New fossil footprints excavated at the famous Laetoli site in Tanzania suggest that our bipedal ancestors had a wide range of body sizes.
Walking on two hind limbs, or bipedalism, is one of the defining characteristics of the evolutionary lineage that gave rise to modern humans. Though fragments of fossilized bones suggest that this adaptation might date as far back as 7 million years ago (Zollikofer et al., 2005), this interpretation remains controversial. The earliest unequivocal evidence of bipedalism comes not from bones, but from footprints made some 3.66 million years ago and preserved at a site in Laetoli, Tanzania (Leakey and Hay, 1979). However, it is widely agreed that bipedalism most likely evolved in an ancestor whose brain was no bigger than that of a chimpanzee, and who had not yet started to make and use tools.
The footprints preserved at Laetoli are what are known as "trace fossils", because they are traces of behavior rather than the petrified remains of actual body parts. The footprints were formed when three of our distant hominin relatives – most likely members of the species Australopithecus afarensis (White and Suwa, 1987) – walked in the same direction across wet volcanic ash. Millions of years later, in 1976, their preserved footprints were discovered by British paleoanthropologist Mary Leakey and co-workers, and the prints were fully excavated by 1978. Since then, the scientific and public interest in the Laetoli footprints has been extraordinary. They are mentioned in hundreds, if not thousands, of scientific works, and a Google search for "Laetoli footprints" returns 52,600 hits.
Now, in eLife, Marco Cherin of the University of Perugia and Sapienza University of Rome and colleagues – who are based at institutions in Tanzania and Italy – report the discovery of a second set of preserved footprints from Laetoli (Masao et al., 2016). These new trace fossils are the same age as the first ones, and were found at a site called "Site S", which is 150 meters south of "Site G", where the original discovery was made.
Cherin and colleagues – who include Fidelis Masao of the University of Dar es Salaam in Tanzania as first author – present captivating graphics and photographs of the new footprints and describe their setting (Figure 1). The tracks at both Site G and Site S are well preserved in the same hardened volcanic ash known as the "Footprint Tuff" on the southern edge of the Serengeti Plains. It appears that the environment when the footprints were made was not unlike what is seen in this region today – a mix of bushland, woodland and grassland with a nearby forest along the river. Footprints from a rhinoceros, a giraffe, some prehistoric horses and guinea fowl were found at the site. However, the new hominin footprints are most definitely the star attractions. They were left by two individuals – referred to as S1 and S2 – who again were most likely A. afarensis.
Like the trace fossils at Site G, the newly found footprints follow a path that heads north-northwest. However, only the multiple footprints from S1 are especially informative; S2 is known from just a single print that is abnormal due to apparent slipping. When photographs of the S1 prints were carefully compared to casts of footprints from Site G, the two sets appeared to be similar in many respects. For example, the heel impressions are deep and oval, and the big toes are in line with the other toes.

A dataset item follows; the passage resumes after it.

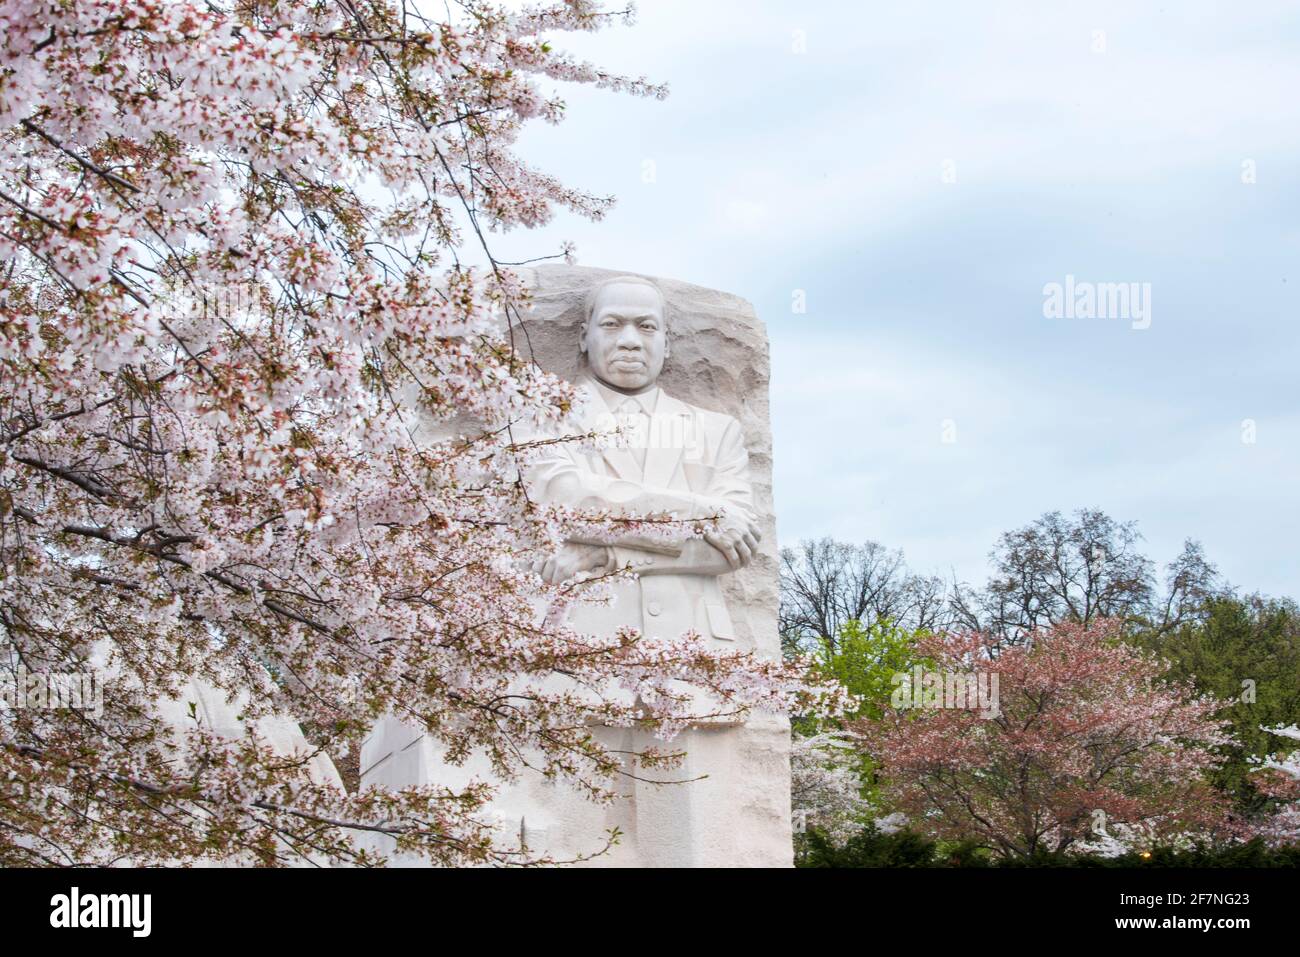 The likeness of Martin Luther King, Jr at the MLK Memorial in Washington, D.C.  is framed by the world famous cherry blossoms. Stock Photo

So far, Masao et al. have only described the features of the prints and analyzed how weight was transferred through the foot in a qualitative manner that is consistent with the earlier interpretation of the footprints at Site G (Robbins, 1987). Although the big toe appears to be the longest digit, it was not always where most force was applied when the foot pushed off from the ground (as tends to be the case for modern humans). Instead, the deepest impression in some footprints (indicating the most force) occurred more to the side of the foot. Individual toes cannot be distinguished easily from the prints, but a clear ridge was formed across the footprint when the toes gripped the wet volcanic ash and pushed it backward.
At this stage of their analysis, Masao et al. have chosen not to weigh in on the debate over how similar the footprints are to those of modern humans. Previously, some have taken the footprints at Site G as early evidence that A. afarensis walked in a remarkably human-like manner (e.g., Raichlen et al., 2010; Crompton et al., 2012). Others have contested this conclusion (e.g., Meldrum et al., 2011). In fact, a recent analysis strongly suggested that the Laetoli footprints were significantly different from those of a modern human walking barefoot, and actually in some ways more similar to chimpanzee footprints (Hatala et al., 2016).

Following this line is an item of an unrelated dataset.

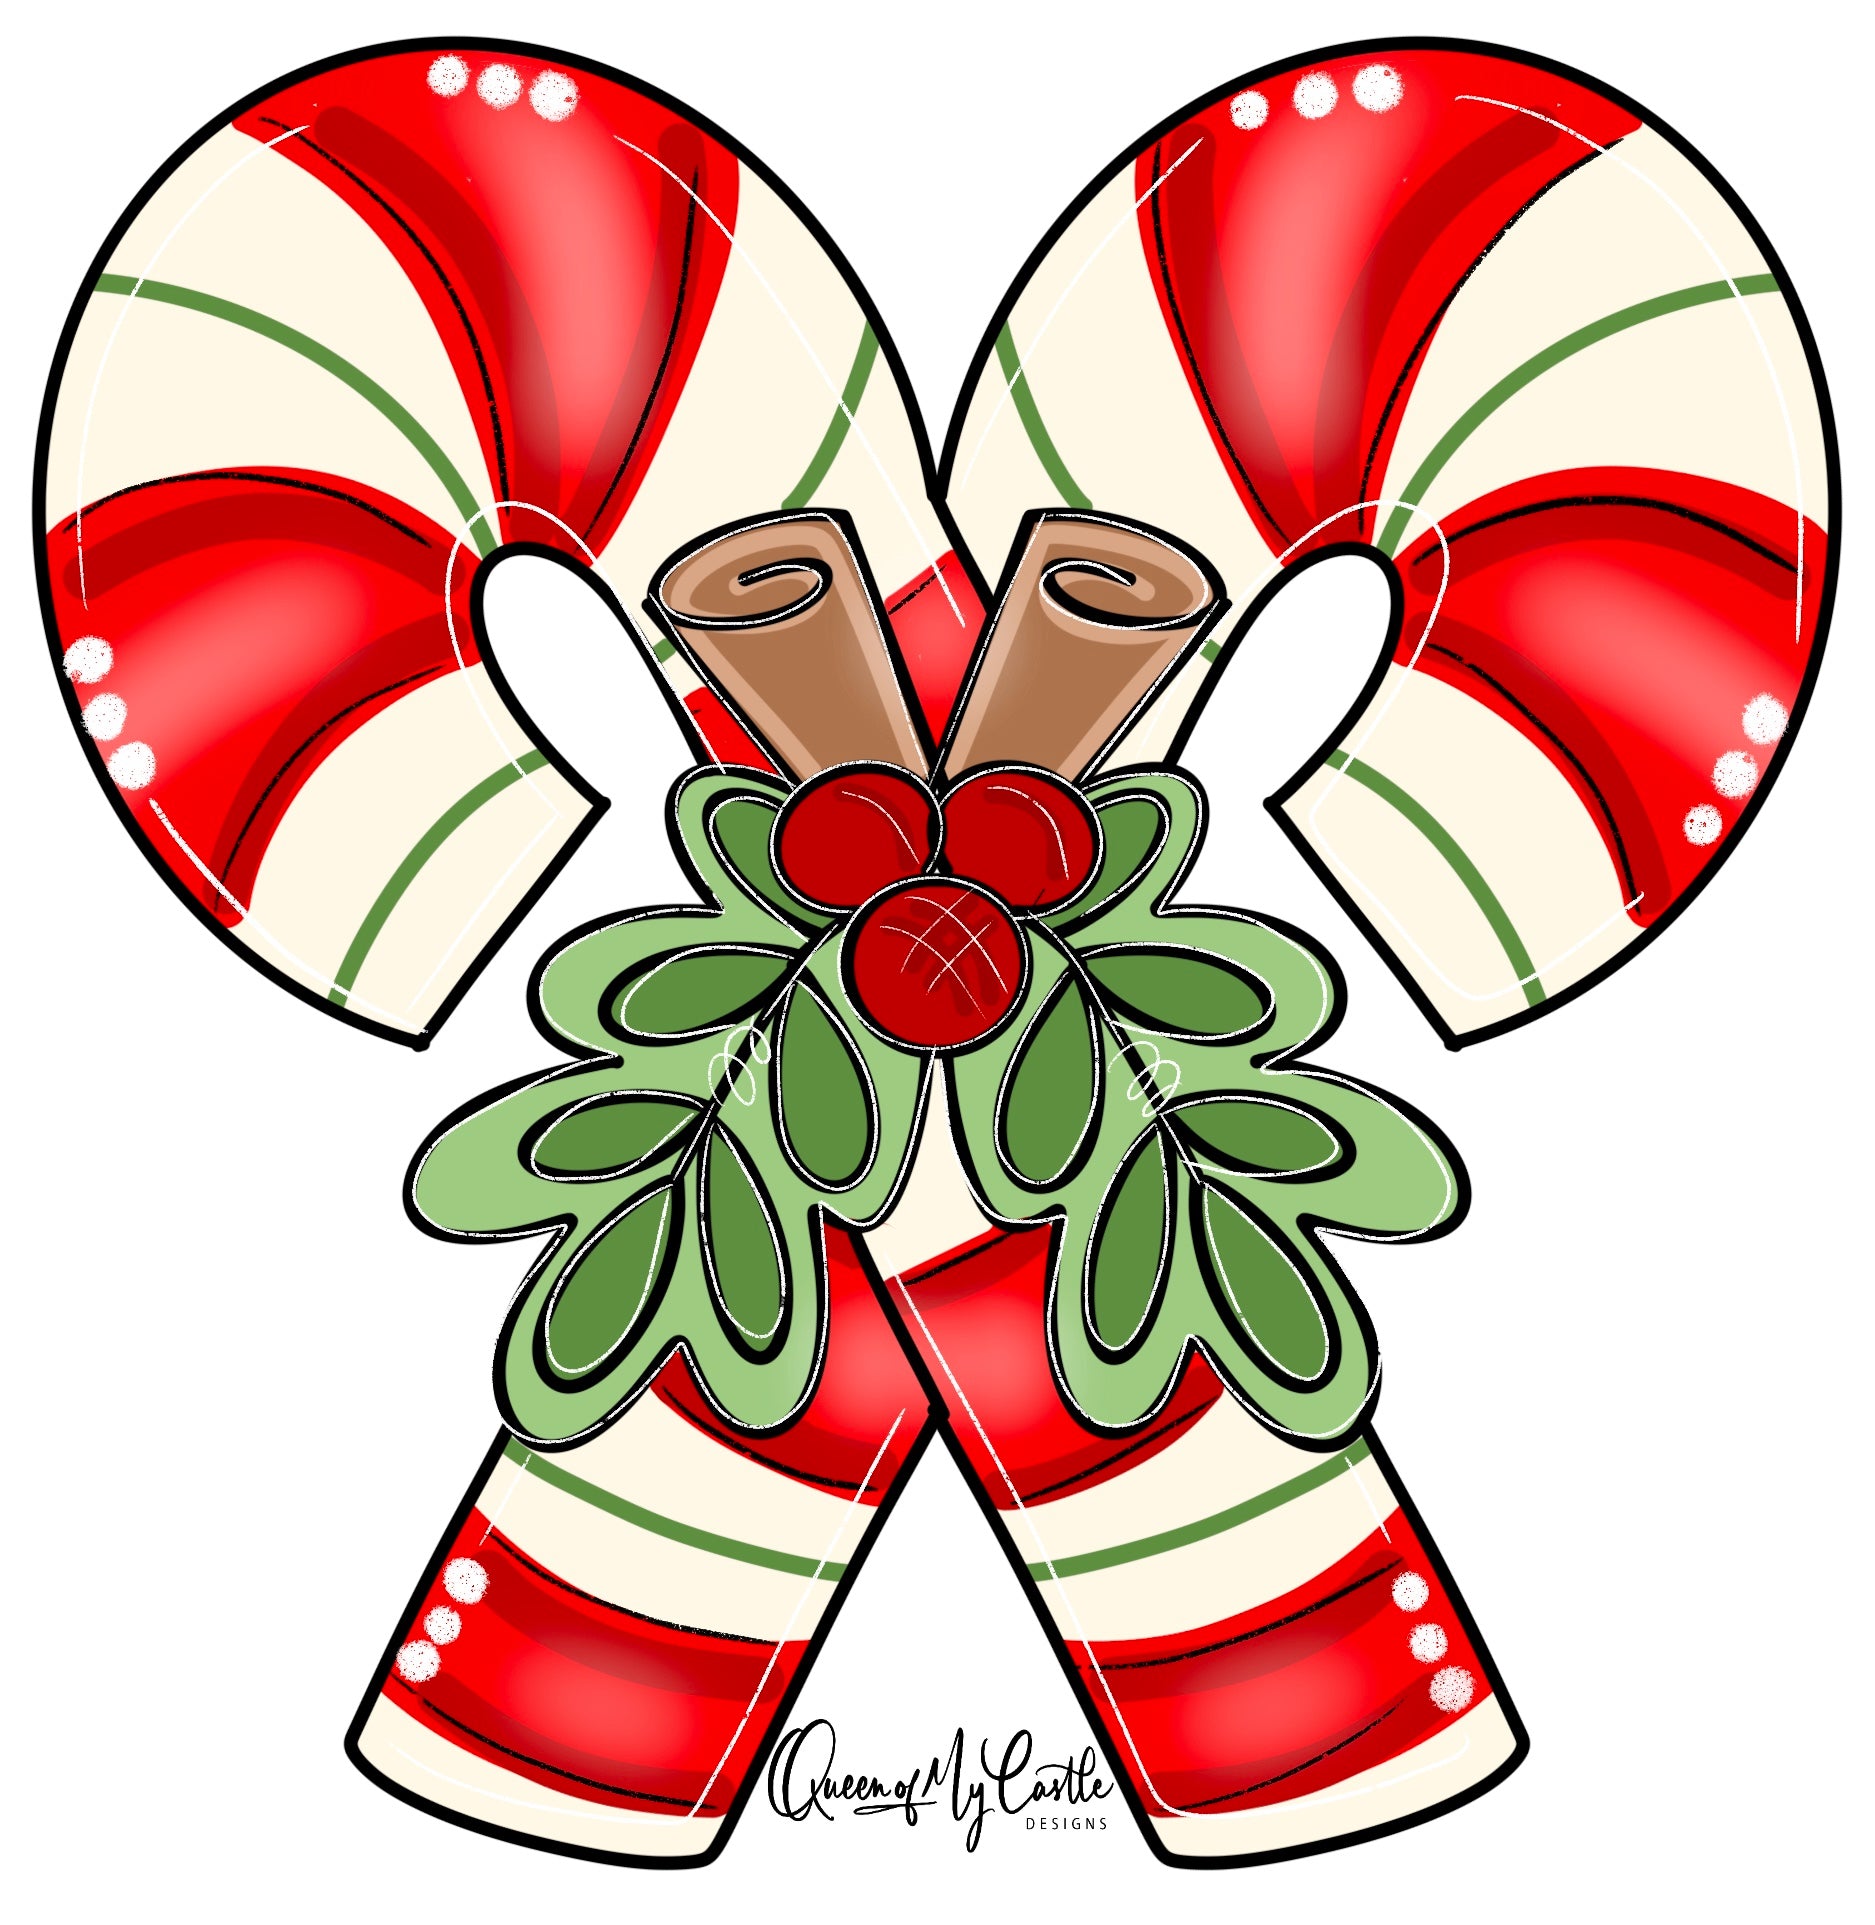 Door hanger template in the shape of two overlapping candy canes with mistletoe

Masao et al. also report several important measurements including the length and width of the prints, the angle of gait, and the step and stride lengths. Based in part on these measurements, they predicted the weight and height (or body mass and stature) of the individuals who left the footprints at the two sites. The prints at Site S were most likely left by individuals who were taller and heavier than any of the three that left prints at Site G. Of the five individuals, the lightest one left footprints at Site G and likely weighed 28.5 kg, while the heaviest walked at Site S and is estimated to have weighed as much as 48.1 kg.
These estimates for body mass fit comfortably within the wide interval calculated for this species based upon fossils of its limb bones (Grabowski et al., 2015). The predicted maximum height for the S1 individual is a different matter and is surprisingly tall at roughly 165 cm. Masao et al. interpret their new data as indicating that different A. afarensis individuals might have had very different body sizes. Variation of this magnitude could imply big differences between males and females – a phenomenon referred to as "sexual dimorphism". However, this would only be the case if we assume that all the footprints are from adults, and not if younger individuals made some of the smaller ones.

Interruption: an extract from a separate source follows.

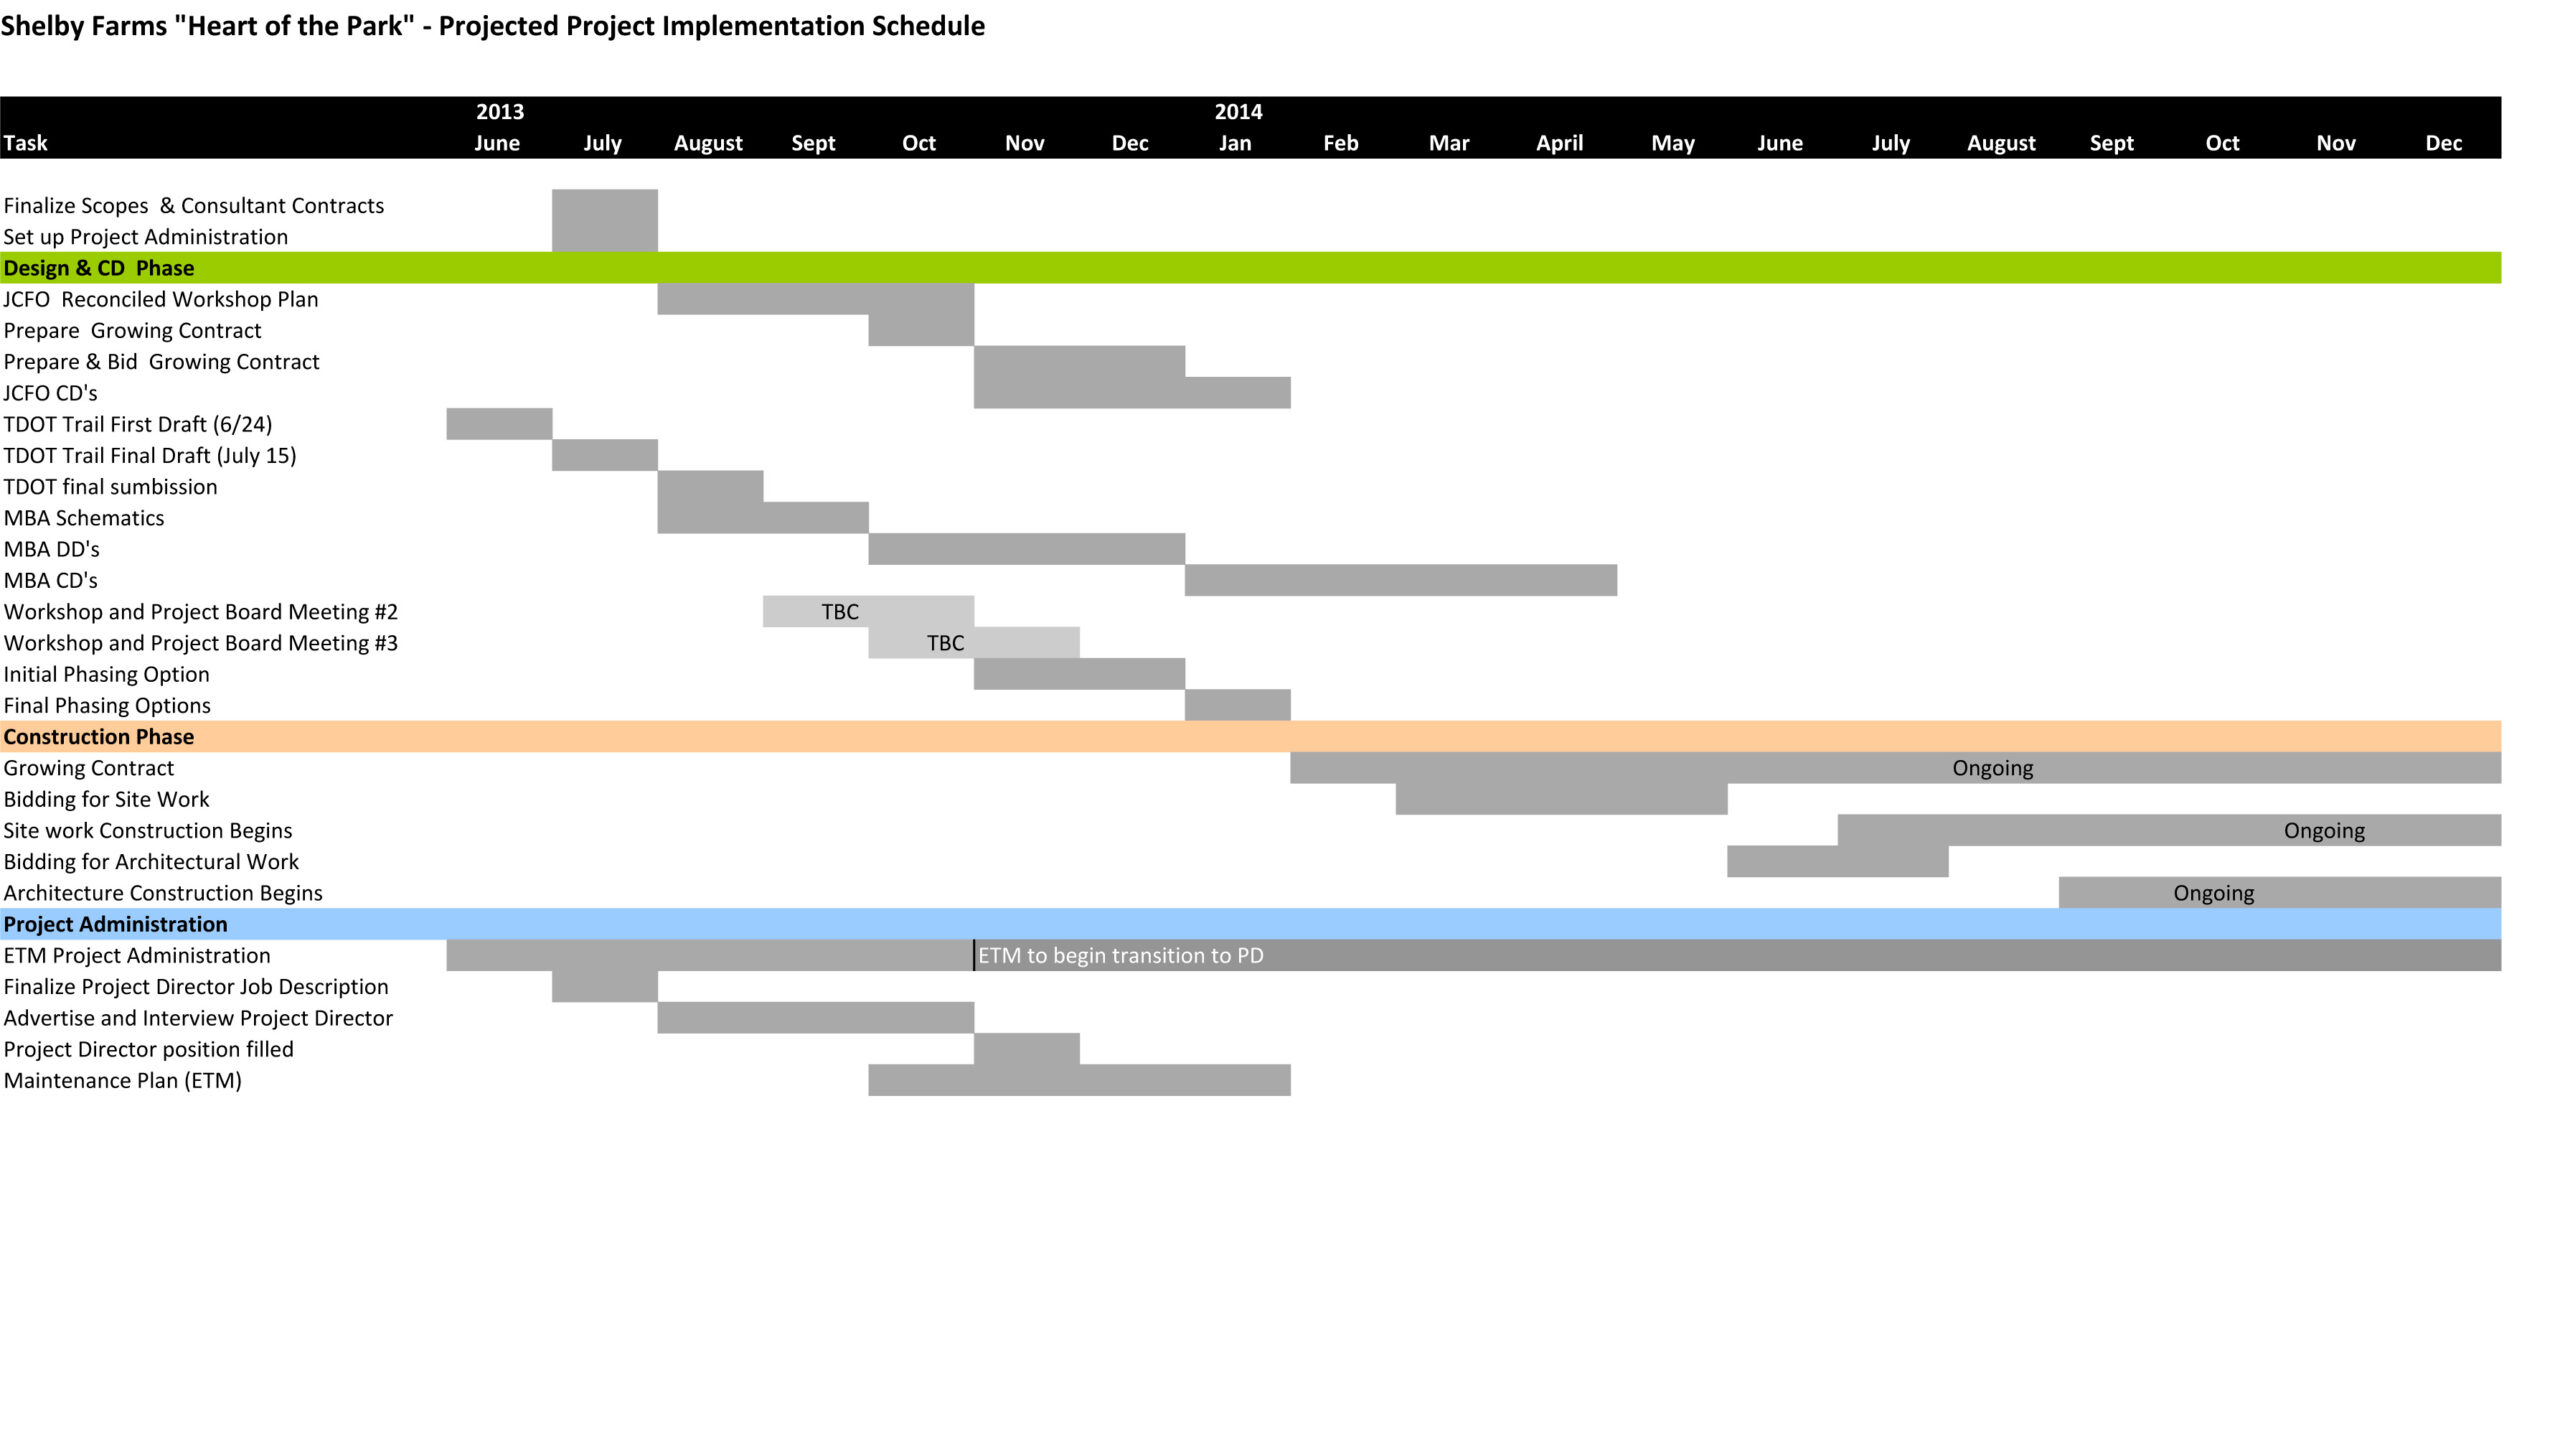 Color-coded chart for each phase of the project implementation schedule.

Nevertheless, and as Masao et al. acknowledge, the height estimates depend on a previously reported relationship between foot length and stature (Dingwall et al., 2013). It is important to note that foot length has only been roughly estimated for this ancient species, and that the height estimates would change if a different foot length-to-stature ratio was used. For example, Homo floresiensis – a species of ancient hominid from Indonesia (which have been commonly referred to as "hobbits"; Jungers et al., 2009) – had a different ratio, and if this was used instead, the estimates for the height of the tallest individual at Laetoli (S1) would shrink down to 132–148 cm. Furthermore, the shortest (called G1) would become even shorter at approximately 100 cm: a height that is more similar to that of "Lucy", the iconic skeleton of a female A. afarensis.
Looking back, 2016 has been a banner year for trace fossils in human evolution (e.g., Bennett et al., 2016; Liutkus-Pierce et al., 2016; Roach et al., 2016), and these new sets of footprints from Laetoli are a fitting capstone to the year. To judge by the profound scientific impact of the first set of Laetoli footprints, we can expect the new ones to figure prominently in future narratives of the origins of humans. They will likely stimulate new research and debate for years to come.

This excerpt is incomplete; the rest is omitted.